* AIM OF THE TASK
Restate word for word the lines of the records below, starting at the line that contains "Grade 9 Polynomial Vocabulary Practice" and ending at the line that contains "Andy Warhol - Issue 20 Amiga Addict magazine", with both of those lines included and nothing else.

--- DATA FOR THE TASK ---

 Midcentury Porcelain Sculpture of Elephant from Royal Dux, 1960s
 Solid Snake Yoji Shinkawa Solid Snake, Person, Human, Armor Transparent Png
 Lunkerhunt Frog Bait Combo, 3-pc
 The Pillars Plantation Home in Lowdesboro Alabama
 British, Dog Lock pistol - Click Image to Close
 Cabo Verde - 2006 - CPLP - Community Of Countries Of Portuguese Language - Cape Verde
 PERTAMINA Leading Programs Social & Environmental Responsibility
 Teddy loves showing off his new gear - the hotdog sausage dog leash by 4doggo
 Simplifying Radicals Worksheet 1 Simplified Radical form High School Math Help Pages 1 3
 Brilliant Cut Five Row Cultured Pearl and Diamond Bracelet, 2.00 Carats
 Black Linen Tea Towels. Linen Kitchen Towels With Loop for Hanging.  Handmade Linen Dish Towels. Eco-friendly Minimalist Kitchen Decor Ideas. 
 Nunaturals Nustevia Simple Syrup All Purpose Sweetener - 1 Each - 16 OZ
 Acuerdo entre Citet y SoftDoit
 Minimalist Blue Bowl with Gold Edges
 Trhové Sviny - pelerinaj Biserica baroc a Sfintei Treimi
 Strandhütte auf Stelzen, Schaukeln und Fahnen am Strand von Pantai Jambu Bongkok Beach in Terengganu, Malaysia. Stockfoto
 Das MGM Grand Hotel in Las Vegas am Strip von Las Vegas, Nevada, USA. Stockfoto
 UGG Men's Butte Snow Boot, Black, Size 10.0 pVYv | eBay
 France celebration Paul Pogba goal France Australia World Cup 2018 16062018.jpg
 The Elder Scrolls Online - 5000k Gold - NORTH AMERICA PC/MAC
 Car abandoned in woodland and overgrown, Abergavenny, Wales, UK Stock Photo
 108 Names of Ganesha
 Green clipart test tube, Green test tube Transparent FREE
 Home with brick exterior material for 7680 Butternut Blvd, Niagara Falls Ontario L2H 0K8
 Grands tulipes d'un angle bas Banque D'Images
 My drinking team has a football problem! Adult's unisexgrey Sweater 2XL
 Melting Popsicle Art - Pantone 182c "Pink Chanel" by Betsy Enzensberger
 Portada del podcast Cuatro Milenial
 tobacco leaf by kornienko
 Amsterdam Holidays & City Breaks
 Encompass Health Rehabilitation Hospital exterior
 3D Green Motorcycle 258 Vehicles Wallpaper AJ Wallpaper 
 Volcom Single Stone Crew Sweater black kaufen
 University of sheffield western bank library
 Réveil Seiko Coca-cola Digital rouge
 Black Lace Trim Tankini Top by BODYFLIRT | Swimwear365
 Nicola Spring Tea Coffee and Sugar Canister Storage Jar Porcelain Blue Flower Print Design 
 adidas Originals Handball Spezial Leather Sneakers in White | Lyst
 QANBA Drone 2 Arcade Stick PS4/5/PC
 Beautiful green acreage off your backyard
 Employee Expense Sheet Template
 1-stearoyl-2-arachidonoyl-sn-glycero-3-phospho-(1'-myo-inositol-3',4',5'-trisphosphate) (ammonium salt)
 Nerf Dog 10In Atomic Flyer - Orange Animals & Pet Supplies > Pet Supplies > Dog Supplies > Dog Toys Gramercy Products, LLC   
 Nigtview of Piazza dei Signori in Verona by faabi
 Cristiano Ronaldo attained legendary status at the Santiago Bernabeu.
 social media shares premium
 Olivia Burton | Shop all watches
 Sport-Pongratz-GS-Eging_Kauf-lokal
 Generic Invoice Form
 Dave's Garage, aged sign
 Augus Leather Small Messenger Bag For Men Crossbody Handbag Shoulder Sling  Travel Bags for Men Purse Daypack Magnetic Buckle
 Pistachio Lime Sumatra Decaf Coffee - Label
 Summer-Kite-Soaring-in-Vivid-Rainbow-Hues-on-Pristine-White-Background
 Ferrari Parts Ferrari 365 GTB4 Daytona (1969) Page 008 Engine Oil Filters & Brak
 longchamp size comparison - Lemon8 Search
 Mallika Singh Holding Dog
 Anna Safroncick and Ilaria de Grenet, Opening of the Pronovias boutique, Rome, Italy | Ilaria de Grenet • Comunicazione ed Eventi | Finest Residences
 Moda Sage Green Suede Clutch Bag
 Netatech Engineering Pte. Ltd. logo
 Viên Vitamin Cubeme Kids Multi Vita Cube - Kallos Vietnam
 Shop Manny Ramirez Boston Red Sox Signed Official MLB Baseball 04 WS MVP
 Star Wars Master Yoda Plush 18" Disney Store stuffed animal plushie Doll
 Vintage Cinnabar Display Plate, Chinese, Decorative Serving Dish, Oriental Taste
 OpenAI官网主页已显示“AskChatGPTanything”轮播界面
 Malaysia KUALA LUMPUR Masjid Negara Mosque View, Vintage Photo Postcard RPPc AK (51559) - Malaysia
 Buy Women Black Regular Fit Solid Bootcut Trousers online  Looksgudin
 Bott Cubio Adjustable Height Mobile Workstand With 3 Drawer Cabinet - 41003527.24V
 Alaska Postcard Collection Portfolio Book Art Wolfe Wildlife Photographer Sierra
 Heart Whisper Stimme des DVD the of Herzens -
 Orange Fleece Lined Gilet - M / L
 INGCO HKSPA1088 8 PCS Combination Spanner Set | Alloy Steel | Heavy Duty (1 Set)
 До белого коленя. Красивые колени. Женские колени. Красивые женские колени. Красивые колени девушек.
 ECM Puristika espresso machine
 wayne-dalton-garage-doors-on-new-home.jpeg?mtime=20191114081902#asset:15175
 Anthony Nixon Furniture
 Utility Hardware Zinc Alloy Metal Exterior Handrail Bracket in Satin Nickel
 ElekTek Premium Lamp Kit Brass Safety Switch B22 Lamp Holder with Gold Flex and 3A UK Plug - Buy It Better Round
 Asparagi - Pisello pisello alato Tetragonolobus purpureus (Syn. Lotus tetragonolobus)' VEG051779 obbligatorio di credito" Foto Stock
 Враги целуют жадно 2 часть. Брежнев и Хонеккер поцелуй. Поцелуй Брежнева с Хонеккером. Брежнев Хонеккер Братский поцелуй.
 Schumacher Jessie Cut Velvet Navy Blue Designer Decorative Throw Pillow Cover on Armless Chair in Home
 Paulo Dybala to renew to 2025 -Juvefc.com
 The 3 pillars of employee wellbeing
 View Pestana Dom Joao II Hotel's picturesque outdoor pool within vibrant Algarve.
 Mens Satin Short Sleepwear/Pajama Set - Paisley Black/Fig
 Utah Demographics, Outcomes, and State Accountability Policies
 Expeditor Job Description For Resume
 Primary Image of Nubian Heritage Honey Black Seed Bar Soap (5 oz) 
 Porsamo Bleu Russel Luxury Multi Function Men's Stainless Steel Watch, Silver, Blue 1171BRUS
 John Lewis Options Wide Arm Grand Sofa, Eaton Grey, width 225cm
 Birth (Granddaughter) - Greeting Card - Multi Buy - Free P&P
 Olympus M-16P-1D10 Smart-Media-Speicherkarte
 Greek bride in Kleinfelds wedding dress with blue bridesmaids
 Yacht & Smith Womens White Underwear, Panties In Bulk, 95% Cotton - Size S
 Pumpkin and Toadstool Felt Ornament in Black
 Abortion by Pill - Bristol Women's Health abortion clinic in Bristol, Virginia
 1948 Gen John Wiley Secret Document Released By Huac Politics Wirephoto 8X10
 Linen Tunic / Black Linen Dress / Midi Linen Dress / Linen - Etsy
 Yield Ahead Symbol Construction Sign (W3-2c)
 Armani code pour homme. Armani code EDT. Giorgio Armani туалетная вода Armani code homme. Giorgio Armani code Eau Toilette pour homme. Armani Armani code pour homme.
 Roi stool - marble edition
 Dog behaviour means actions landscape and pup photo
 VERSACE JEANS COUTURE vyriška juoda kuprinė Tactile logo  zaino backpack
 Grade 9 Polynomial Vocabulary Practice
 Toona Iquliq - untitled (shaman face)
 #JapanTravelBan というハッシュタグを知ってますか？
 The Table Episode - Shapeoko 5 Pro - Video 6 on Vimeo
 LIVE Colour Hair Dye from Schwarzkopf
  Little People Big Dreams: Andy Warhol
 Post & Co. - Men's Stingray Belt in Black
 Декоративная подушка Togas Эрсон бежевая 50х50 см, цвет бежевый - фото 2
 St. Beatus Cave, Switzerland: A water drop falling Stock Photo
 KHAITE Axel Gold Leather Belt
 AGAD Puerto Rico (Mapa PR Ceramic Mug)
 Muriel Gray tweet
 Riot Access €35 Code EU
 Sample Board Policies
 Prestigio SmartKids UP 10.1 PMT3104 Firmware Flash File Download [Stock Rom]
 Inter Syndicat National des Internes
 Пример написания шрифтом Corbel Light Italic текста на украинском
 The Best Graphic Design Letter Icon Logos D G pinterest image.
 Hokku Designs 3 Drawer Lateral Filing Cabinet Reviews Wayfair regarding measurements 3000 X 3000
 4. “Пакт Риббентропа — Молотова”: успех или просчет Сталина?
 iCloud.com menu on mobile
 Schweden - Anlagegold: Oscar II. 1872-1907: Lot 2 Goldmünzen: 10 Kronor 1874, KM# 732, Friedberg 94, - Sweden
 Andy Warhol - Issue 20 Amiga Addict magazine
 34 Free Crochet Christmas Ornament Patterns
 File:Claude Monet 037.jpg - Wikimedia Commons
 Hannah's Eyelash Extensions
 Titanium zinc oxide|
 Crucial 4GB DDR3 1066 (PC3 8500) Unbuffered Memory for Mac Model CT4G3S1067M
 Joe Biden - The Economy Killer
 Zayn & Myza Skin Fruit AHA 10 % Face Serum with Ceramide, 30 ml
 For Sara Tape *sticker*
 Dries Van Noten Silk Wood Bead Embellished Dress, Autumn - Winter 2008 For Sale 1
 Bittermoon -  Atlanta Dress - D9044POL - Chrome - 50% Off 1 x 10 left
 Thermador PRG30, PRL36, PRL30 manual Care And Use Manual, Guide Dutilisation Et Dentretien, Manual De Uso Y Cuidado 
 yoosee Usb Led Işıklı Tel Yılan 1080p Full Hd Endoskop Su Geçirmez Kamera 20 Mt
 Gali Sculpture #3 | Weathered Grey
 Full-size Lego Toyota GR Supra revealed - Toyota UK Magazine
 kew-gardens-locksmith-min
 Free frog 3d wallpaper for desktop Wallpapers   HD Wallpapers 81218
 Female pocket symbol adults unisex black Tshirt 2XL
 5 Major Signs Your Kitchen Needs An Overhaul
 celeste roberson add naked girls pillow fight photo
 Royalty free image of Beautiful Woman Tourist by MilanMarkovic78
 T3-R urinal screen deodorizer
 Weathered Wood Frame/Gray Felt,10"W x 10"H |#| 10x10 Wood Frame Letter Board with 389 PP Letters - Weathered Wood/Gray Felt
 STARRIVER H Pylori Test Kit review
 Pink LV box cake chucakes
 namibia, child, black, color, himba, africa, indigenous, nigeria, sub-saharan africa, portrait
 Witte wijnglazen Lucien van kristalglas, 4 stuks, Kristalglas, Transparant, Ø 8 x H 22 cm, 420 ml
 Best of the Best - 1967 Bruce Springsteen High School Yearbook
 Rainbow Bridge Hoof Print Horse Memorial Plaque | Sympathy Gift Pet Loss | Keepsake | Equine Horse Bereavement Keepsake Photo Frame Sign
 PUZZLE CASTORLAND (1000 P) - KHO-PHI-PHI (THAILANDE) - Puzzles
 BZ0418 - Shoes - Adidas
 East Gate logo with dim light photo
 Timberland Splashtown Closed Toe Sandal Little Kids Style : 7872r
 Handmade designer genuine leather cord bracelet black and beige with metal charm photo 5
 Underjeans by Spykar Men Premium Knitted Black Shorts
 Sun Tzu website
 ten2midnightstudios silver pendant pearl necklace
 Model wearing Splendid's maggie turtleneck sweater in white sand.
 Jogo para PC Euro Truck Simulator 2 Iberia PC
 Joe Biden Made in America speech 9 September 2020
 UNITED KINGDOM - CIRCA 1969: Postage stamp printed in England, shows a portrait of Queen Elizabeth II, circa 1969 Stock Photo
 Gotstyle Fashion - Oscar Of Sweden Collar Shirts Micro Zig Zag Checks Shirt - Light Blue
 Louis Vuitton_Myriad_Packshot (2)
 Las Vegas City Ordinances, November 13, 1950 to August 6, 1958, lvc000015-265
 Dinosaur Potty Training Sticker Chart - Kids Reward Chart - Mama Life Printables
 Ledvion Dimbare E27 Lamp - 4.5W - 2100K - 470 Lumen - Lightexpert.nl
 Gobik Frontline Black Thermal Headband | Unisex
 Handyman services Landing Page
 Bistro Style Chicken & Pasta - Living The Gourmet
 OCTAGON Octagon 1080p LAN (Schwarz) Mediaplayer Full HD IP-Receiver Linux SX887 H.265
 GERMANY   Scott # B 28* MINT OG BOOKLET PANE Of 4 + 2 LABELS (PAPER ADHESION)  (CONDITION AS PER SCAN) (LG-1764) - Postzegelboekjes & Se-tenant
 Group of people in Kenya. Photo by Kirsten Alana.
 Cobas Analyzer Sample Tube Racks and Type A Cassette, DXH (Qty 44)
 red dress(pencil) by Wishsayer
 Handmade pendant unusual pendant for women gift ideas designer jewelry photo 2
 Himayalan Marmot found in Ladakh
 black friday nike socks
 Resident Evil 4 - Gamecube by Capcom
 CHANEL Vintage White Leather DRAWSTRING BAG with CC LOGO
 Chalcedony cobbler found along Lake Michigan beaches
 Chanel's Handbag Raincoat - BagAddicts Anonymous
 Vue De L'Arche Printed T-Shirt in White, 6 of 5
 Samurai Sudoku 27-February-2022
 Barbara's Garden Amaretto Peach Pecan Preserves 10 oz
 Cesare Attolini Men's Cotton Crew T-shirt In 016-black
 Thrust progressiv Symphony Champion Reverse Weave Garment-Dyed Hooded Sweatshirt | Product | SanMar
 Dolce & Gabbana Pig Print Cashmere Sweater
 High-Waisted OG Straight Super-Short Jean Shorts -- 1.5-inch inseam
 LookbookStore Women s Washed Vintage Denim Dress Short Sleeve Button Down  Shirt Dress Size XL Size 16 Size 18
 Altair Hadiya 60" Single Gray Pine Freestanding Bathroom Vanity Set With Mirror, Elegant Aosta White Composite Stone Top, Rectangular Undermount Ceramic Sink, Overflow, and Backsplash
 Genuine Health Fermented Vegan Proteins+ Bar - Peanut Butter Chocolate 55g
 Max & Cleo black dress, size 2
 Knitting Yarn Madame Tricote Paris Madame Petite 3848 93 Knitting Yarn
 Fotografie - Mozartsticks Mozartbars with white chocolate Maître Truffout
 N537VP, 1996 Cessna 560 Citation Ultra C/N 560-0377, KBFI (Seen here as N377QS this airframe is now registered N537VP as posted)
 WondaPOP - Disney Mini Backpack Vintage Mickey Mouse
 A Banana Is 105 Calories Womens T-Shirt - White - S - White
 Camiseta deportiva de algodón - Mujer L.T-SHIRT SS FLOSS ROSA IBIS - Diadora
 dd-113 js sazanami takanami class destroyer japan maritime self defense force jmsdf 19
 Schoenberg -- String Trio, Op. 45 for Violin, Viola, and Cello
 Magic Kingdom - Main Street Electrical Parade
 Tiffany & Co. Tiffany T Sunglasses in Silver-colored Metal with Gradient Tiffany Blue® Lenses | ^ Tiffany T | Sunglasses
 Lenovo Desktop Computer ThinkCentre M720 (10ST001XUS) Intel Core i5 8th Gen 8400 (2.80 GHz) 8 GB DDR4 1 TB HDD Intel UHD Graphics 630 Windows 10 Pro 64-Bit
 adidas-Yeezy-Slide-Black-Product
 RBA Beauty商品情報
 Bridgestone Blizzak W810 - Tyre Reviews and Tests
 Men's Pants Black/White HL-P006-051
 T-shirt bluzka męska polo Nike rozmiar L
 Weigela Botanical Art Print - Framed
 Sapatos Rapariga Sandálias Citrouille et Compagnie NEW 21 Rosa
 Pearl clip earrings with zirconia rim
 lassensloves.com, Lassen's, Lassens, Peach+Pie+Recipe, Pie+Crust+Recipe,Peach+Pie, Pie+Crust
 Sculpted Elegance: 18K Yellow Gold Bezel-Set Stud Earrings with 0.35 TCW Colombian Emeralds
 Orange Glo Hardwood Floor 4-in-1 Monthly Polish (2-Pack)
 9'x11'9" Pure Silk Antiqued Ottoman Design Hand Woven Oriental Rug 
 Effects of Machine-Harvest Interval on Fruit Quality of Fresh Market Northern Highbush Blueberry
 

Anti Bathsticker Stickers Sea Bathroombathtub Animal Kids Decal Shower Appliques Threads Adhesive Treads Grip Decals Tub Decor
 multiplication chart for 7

---

* EXERCISE SOLUTION
 Grade 9 Polynomial Vocabulary Practice
 Toona Iquliq - untitled (shaman face)
 #JapanTravelBan というハッシュタグを知ってますか？
 The Table Episode - Shapeoko 5 Pro - Video 6 on Vimeo
 LIVE Colour Hair Dye from Schwarzkopf
  Little People Big Dreams: Andy Warhol
 Post & Co. - Men's Stingray Belt in Black
 Декоративная подушка Togas Эрсон бежевая 50х50 см, цвет бежевый - фото 2
 St. Beatus Cave, Switzerland: A water drop falling Stock Photo
 KHAITE Axel Gold Leather Belt
 AGAD Puerto Rico (Mapa PR Ceramic Mug)
 Muriel Gray tweet
 Riot Access €35 Code EU
 Sample Board Policies
 Prestigio SmartKids UP 10.1 PMT3104 Firmware Flash File Download [Stock Rom]
 Inter Syndicat National des Internes
 Пример написания шрифтом Corbel Light Italic текста на украинском
 The Best Graphic Design Letter Icon Logos D G pinterest image.
 Hokku Designs 3 Drawer Lateral Filing Cabinet Reviews Wayfair regarding measurements 3000 X 3000
 4. “Пакт Риббентропа — Молотова”: успех или просчет Сталина?
 iCloud.com menu on mobile
 Schweden - Anlagegold: Oscar II. 1872-1907: Lot 2 Goldmünzen: 10 Kronor 1874, KM# 732, Friedberg 94, - Sweden
 Andy Warhol - Issue 20 Amiga Addict magazine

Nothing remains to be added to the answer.